PROBLEM STATEMENT → Quote, word for word, only the lines running from the line with "ACCOUNTING FOR FRANCHISES" through the end of the listing. Leave out the pictures.

[[ INFORMATION SUPPLIED, beginning ]]

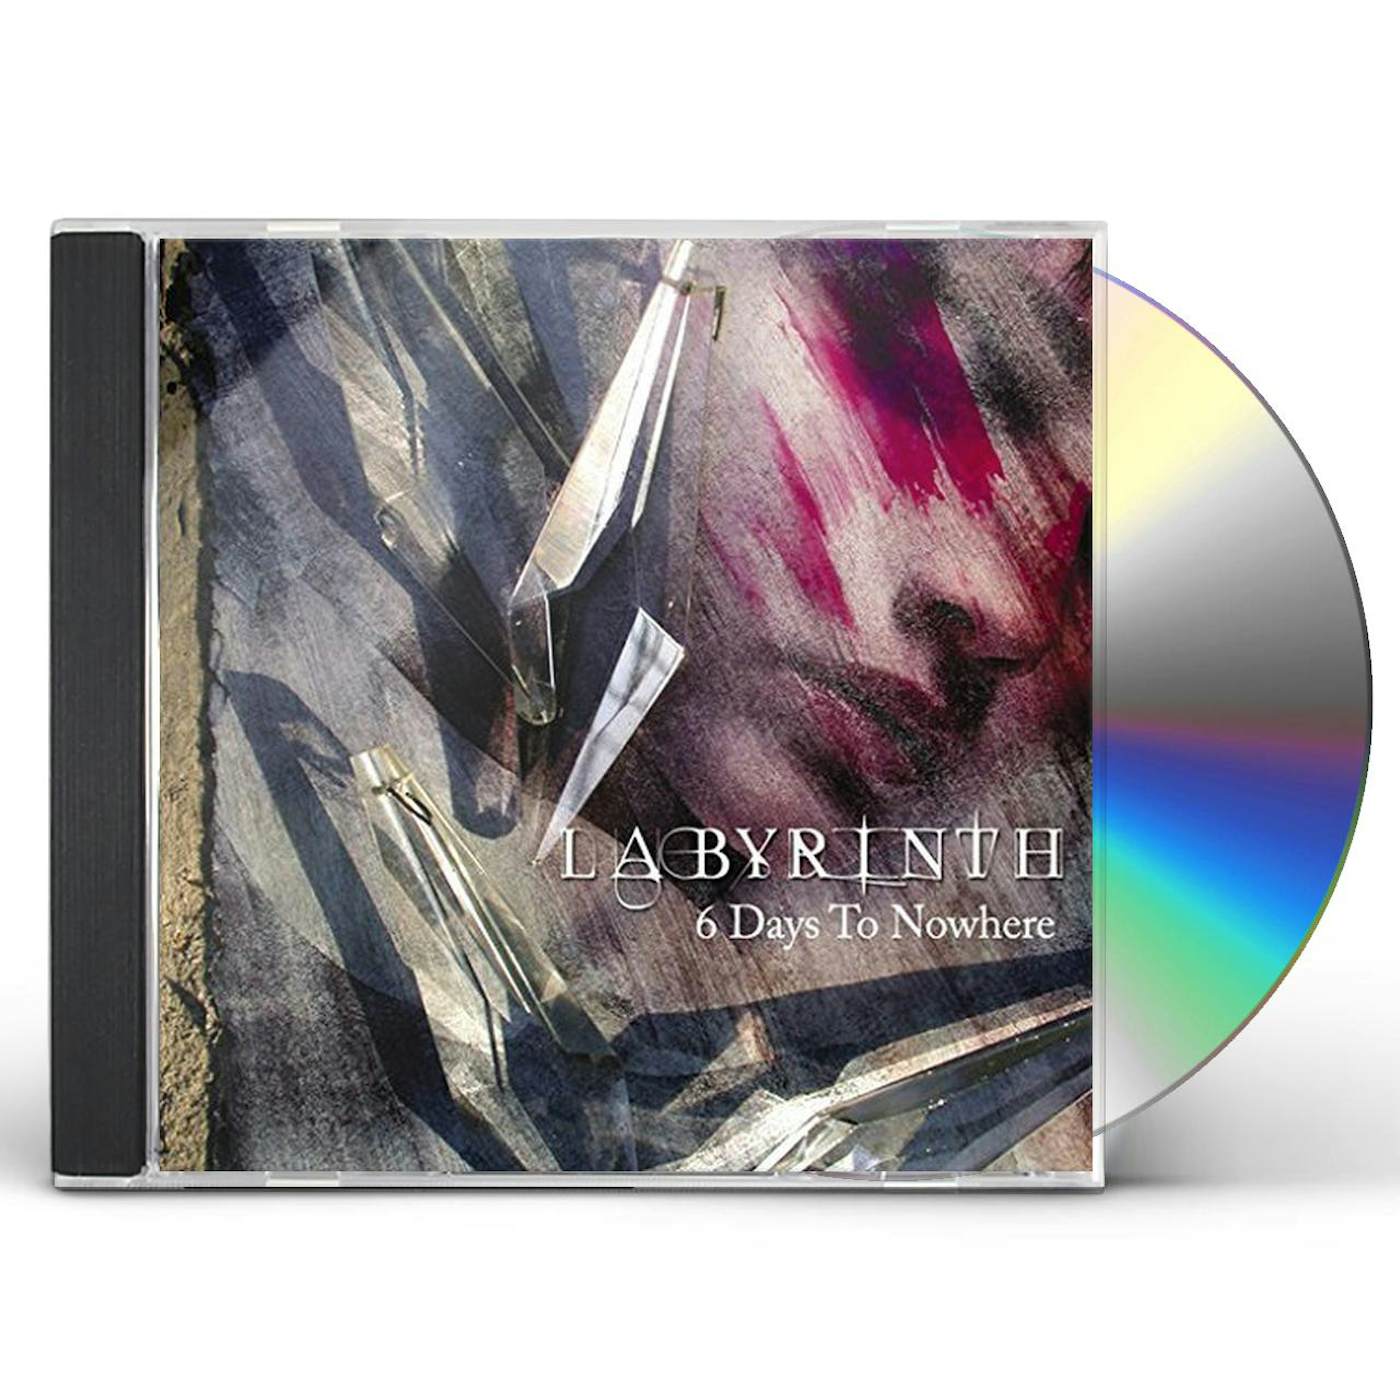 Labyrinth 6 DAYS TO NOWHERE CD
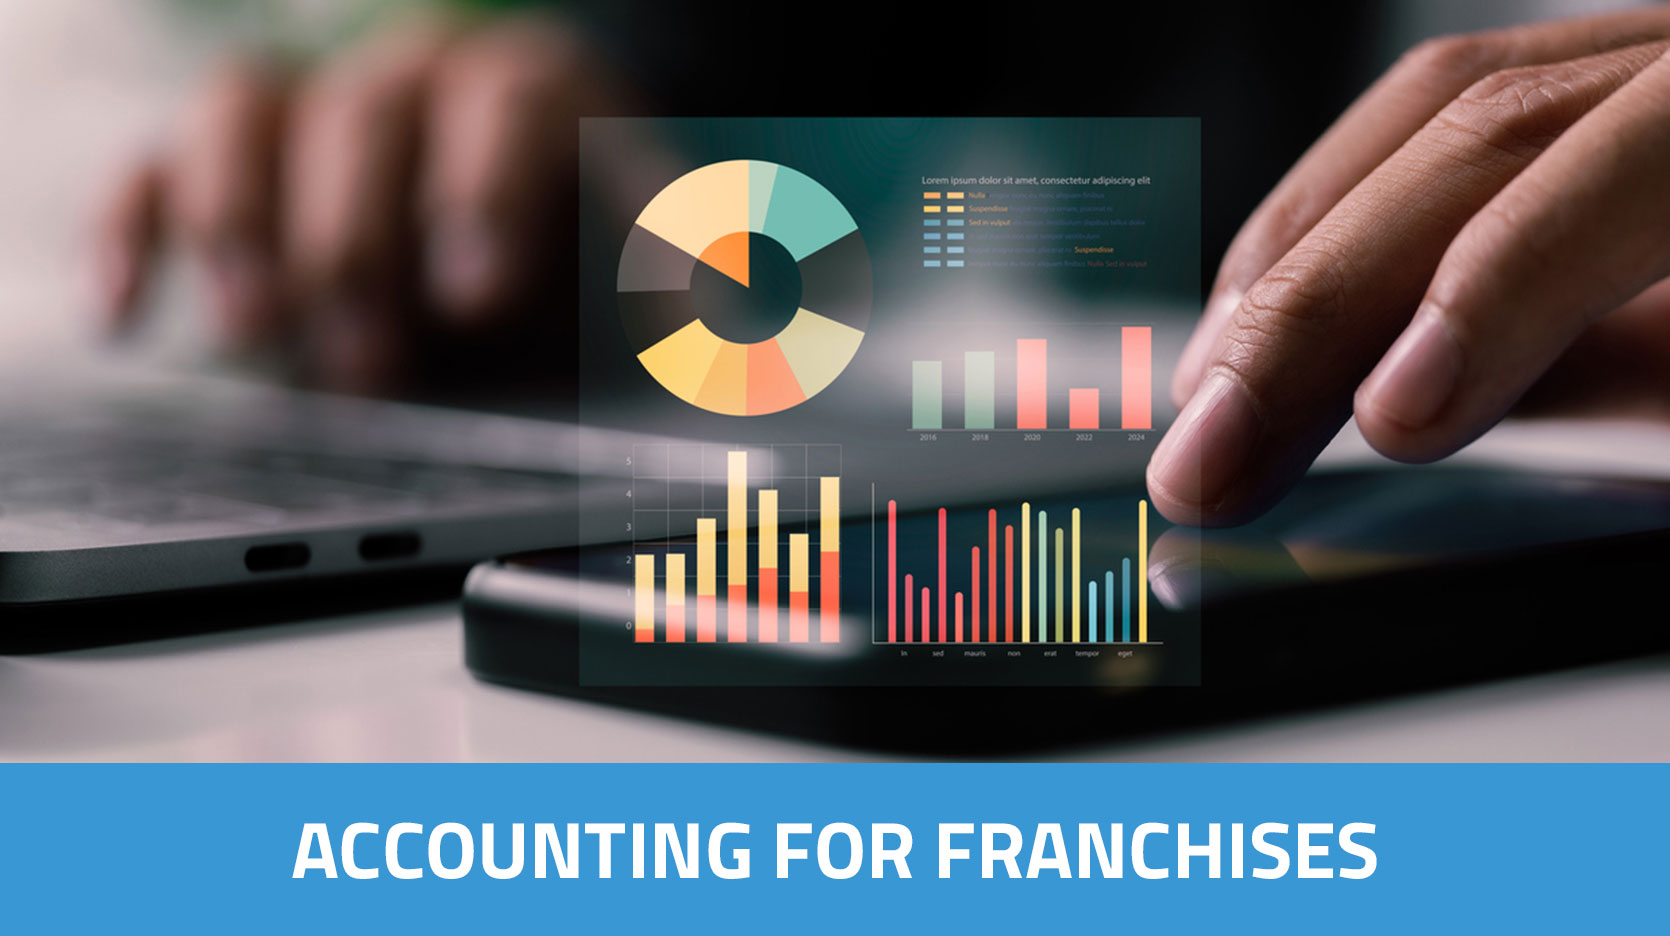 ACCOUNTING FOR FRANCHISES
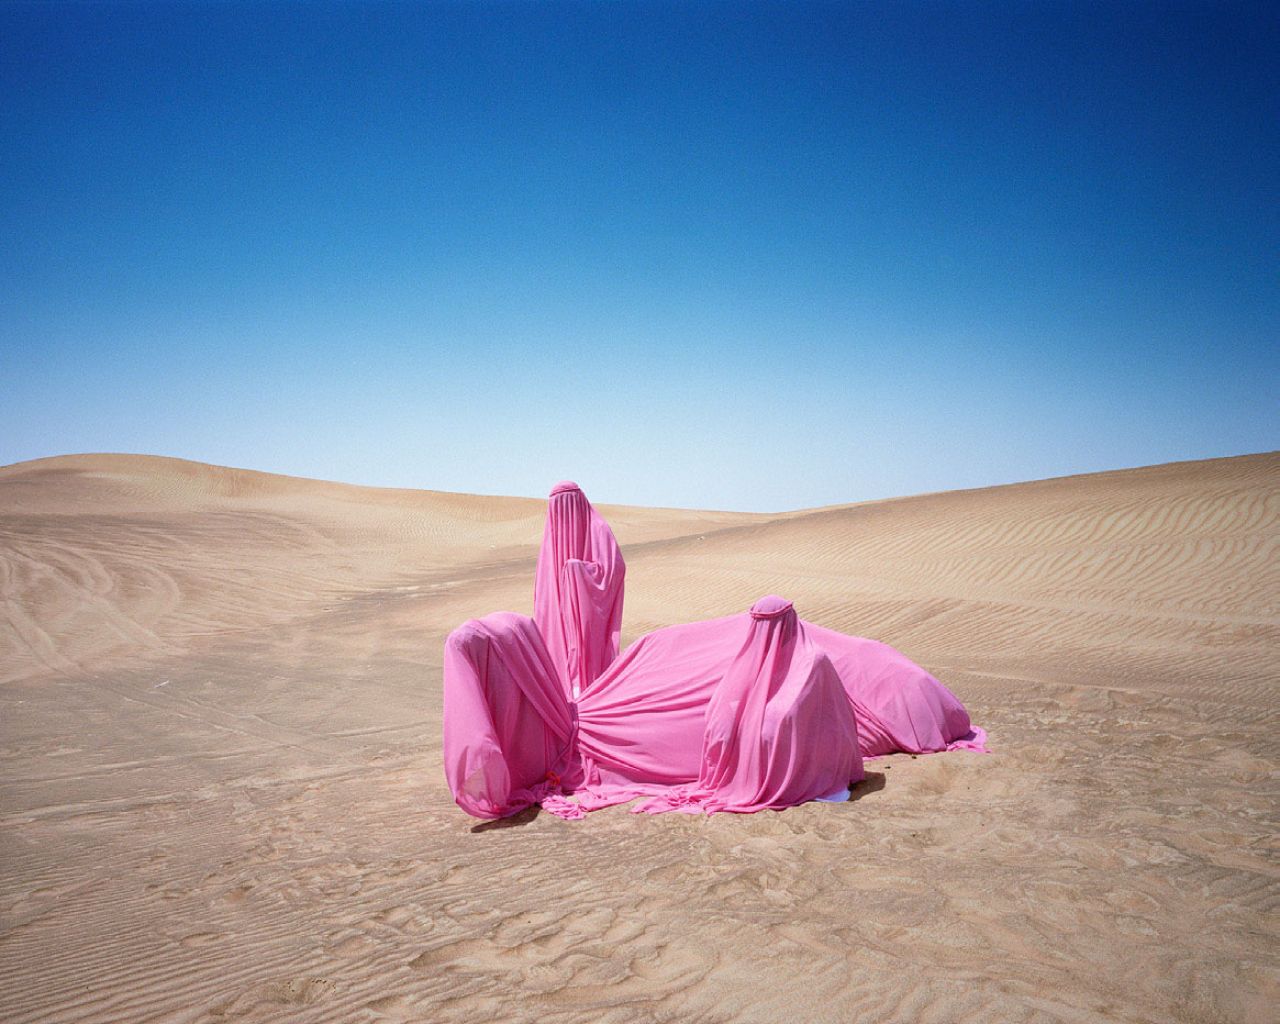 Scarlett Hooft Graafland, Still Life With Camel, 2016. All images courtesy of the artist and via Flowers Gallery

[[ INFORMATION SUPPLIED, end ]]

REPLY →
 ACCOUNTING FOR FRANCHISES
 Scarlett Hooft Graafland, Still Life With Camel, 2016. All images courtesy of the artist and via Flowers Gallery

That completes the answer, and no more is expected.